I drop the ball probably on average with most people. But I would say that the occasions upon which I drop the ball most is when my life is about to welcome another child into this world. 2017, 2020, and 2021 have been very significant years to me with regard to having completely lost track of time.


Regarding 2020, most people can reckon with me that they lost track of life due to COVID. But that particular year, COVID was a backburner issue as we had taken a new job, had our second child, moved back to our home state, and I endured a promotion by default of losing my boss. It was an interesting year. But all of it began preparing me for what being a father of multiple children would actually look like. 2021 brought me my third child, my first son.


Having three children has been the hardest things I have ever done. It has broken me time and time again. Sometimes I have taking the beating well. Many other times I have wussed out and ran away from the transformative invitation Jesus has offered. But He has continued to walk with me in patient love, all the while I seem to be scratching or clawing my way back to Neverland. I don't want to grow up. I don't want to die. I don't like the things that this world has to offer for my sake or my children's.


And yet here I am. Wondering what this life would look like if I could just peer a bit longer into the eternal mind of God --- what does it feel like to wonder without time? What does it feel like to create when time isn't beckoning at you? What does love feel like outside of the parameters of death? Is there only one reason that Captain Hook just so happens to haunt the beauty of Neverland? And that reason is to tempt Peter Pan into leaving so that he can't stay to enjoy the wonders of timeless life?

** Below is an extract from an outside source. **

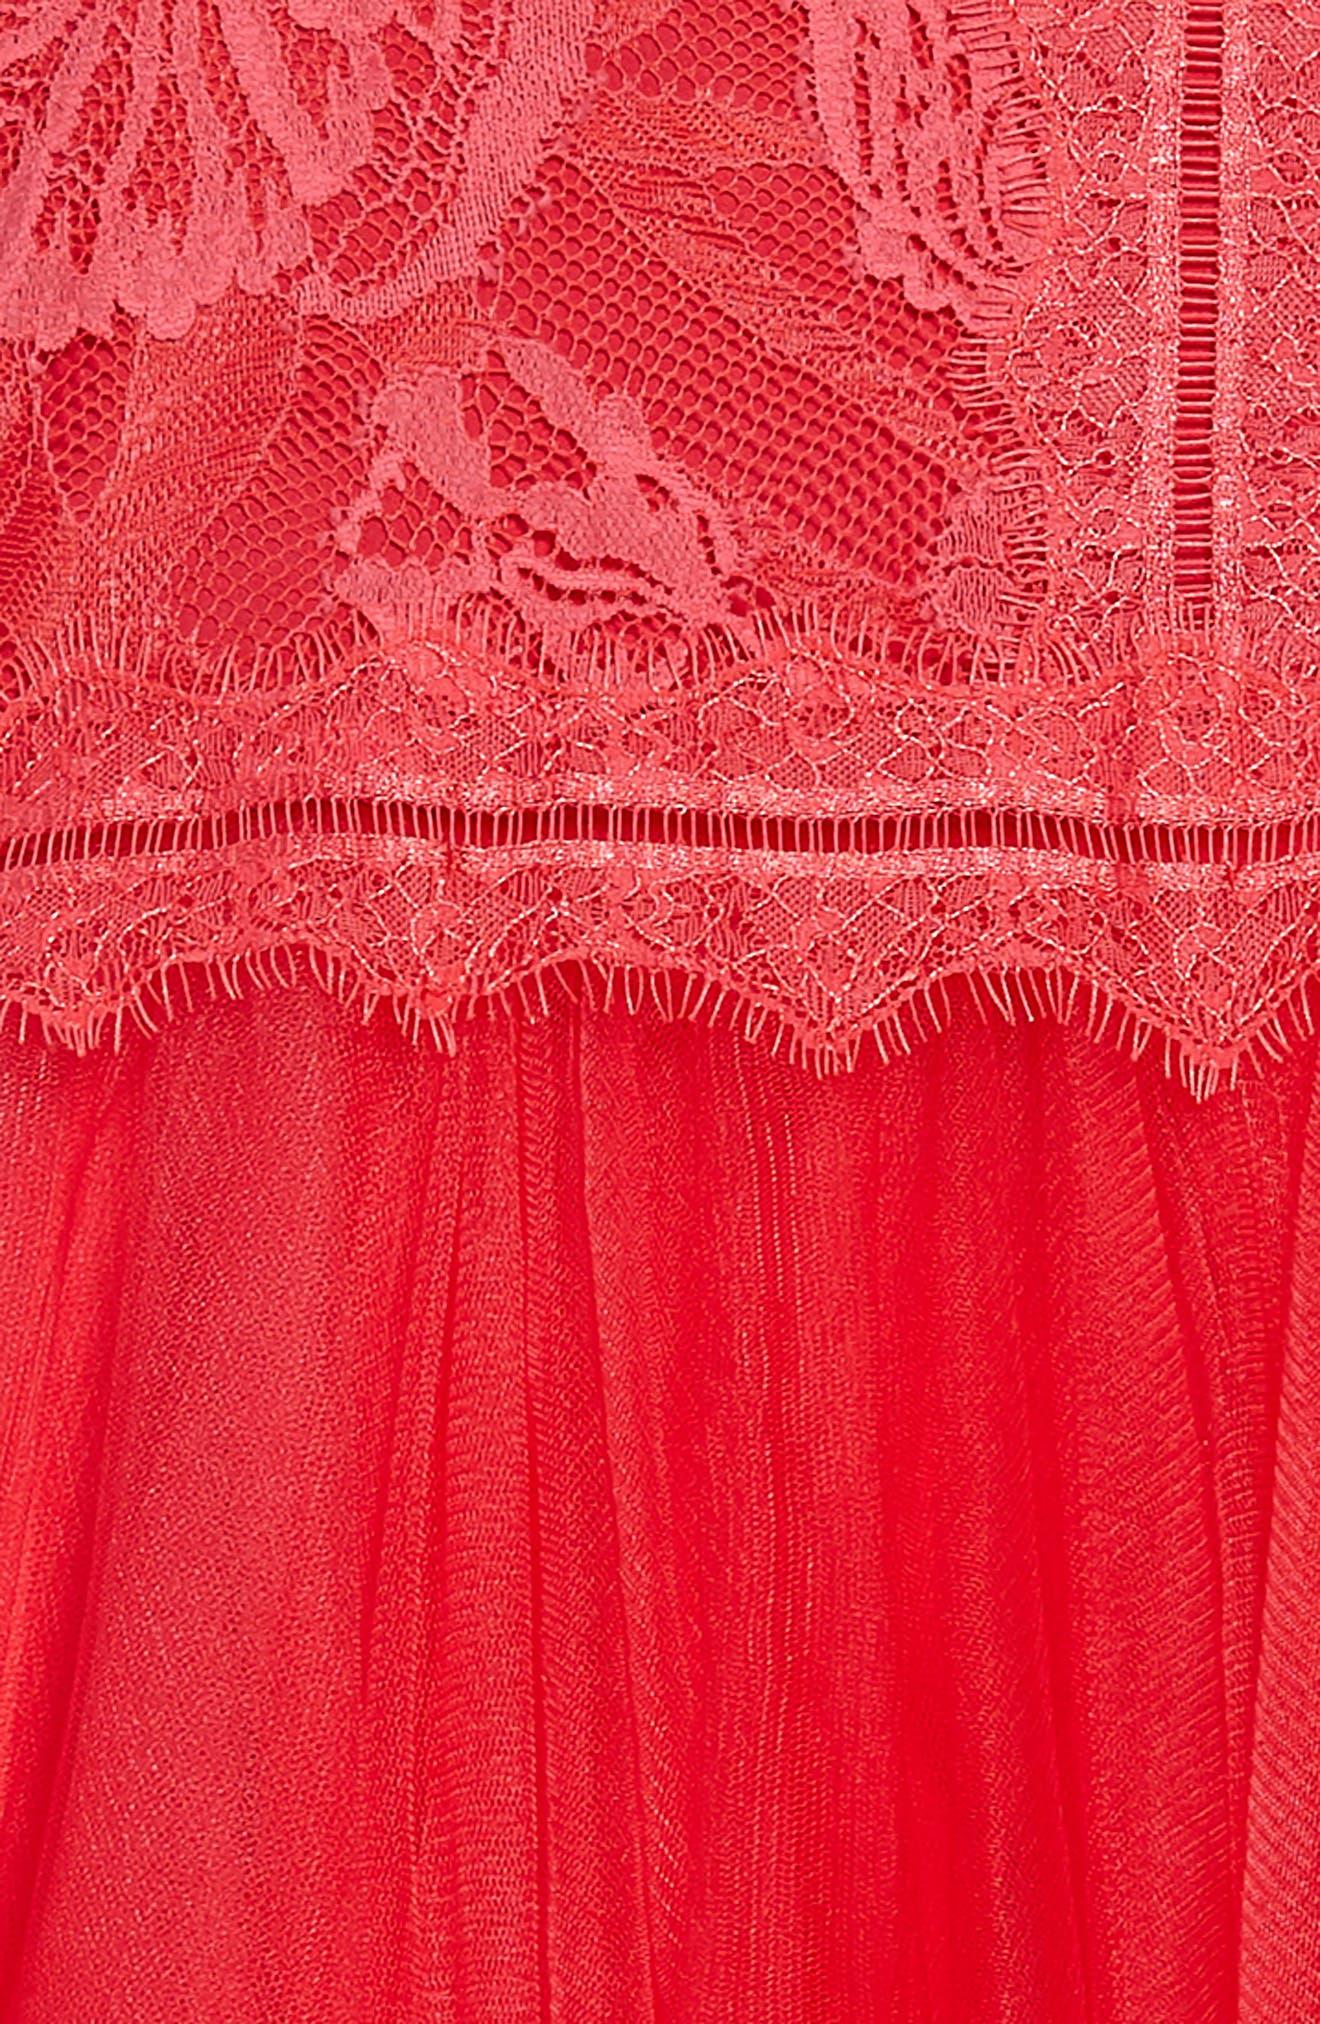 Floral Lace Tulle Dress,                             Alternate thumbnail 3, color,                             605

In the final chapters of the collection of God's Word, the Bible, Revelation 21 and 22 do more than wonder at the future of our existence. They describe a promise that one day our earth will be remade into a new earth, along with a new heaven, where we will coexist together in the light of God. It is a Garden of Eden recreated, unbound by time and unaffected by sin. It sounds better than what we have here and yet, don't we taste glimpses? It even sounds better than the small little Neverland, where there is a deceiver tempting us to leave the promises of God.